Source data:

- - -

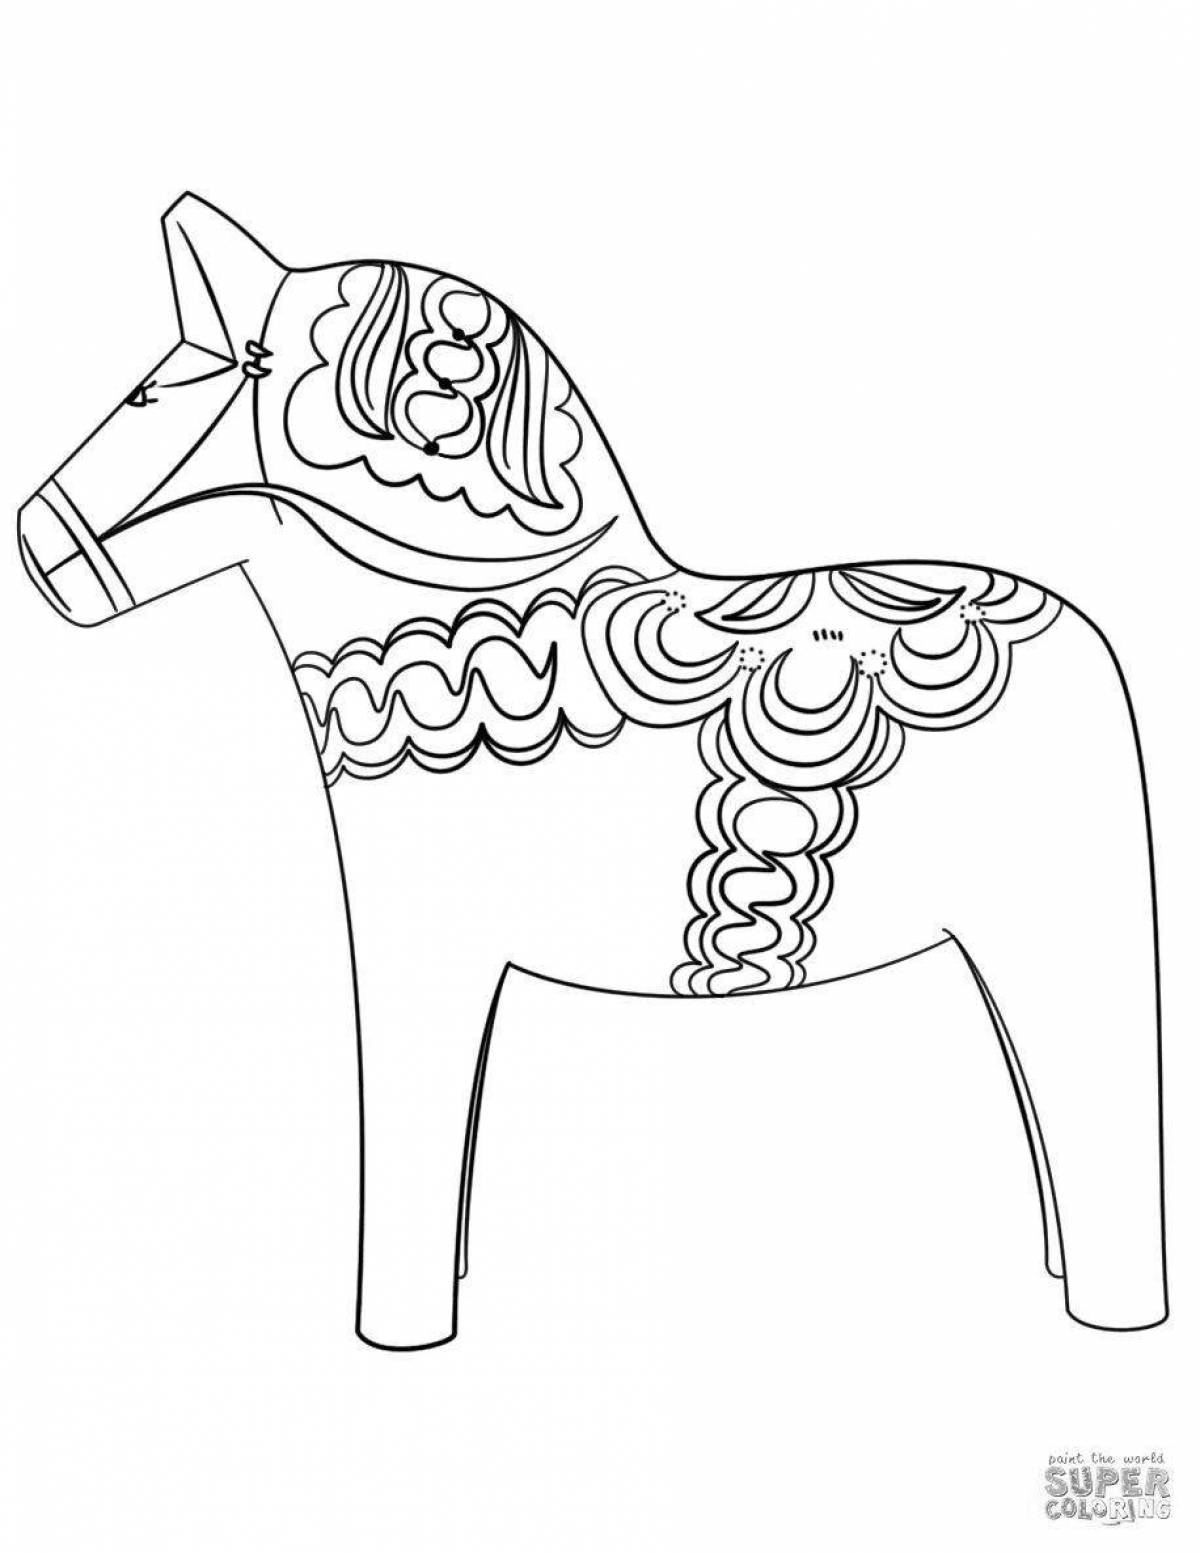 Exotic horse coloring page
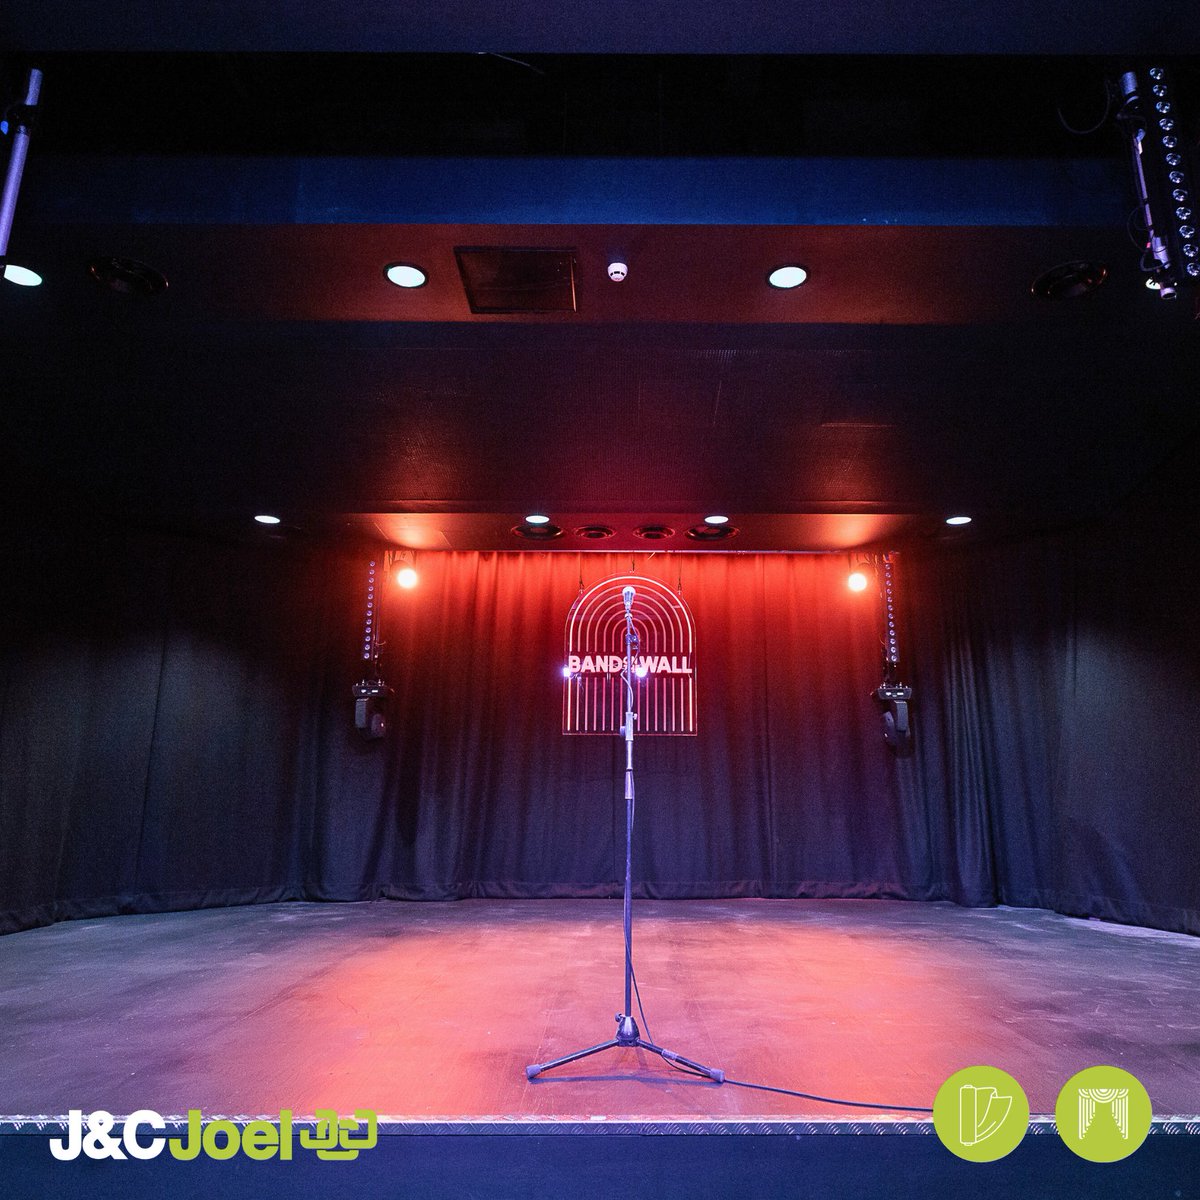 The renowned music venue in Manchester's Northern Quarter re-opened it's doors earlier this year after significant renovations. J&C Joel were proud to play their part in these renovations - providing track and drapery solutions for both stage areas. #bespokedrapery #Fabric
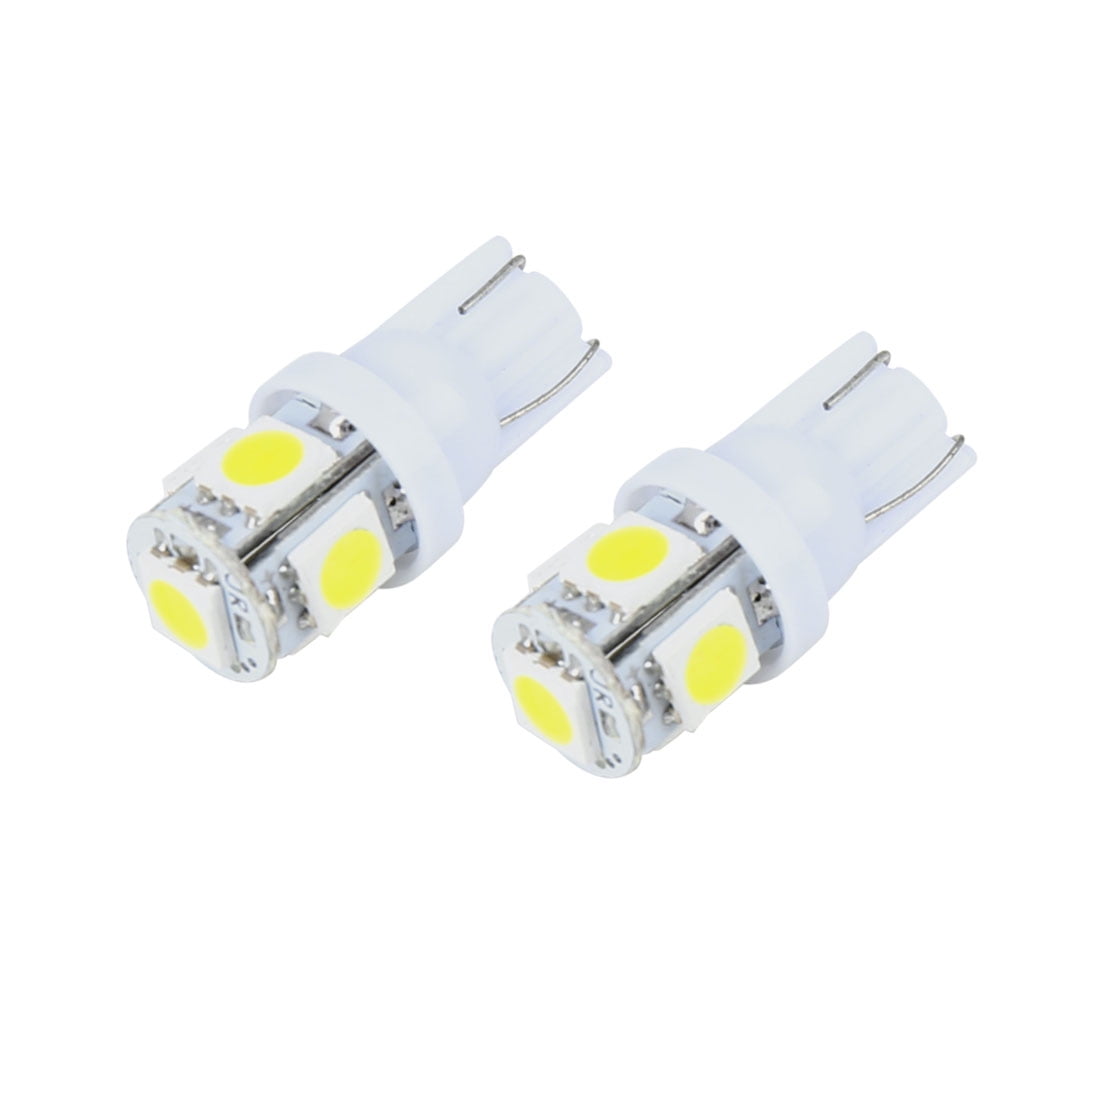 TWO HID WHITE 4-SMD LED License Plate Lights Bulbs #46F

- - -

Work to be completed:
Copy out the material exactly as it stands, though no picture should appear in the copy.

Task output:
 Exotic horse coloring page
 The renowned music venue in Manchester's Northern Quarter re-opened it's doors earlier this year after significant renovations. J&C Joel were proud to play their part in these renovations - providing track and drapery solutions for both stage areas. #bespokedrapery #Fabric
 TWO HID WHITE 4-SMD LED License Plate Lights Bulbs #46F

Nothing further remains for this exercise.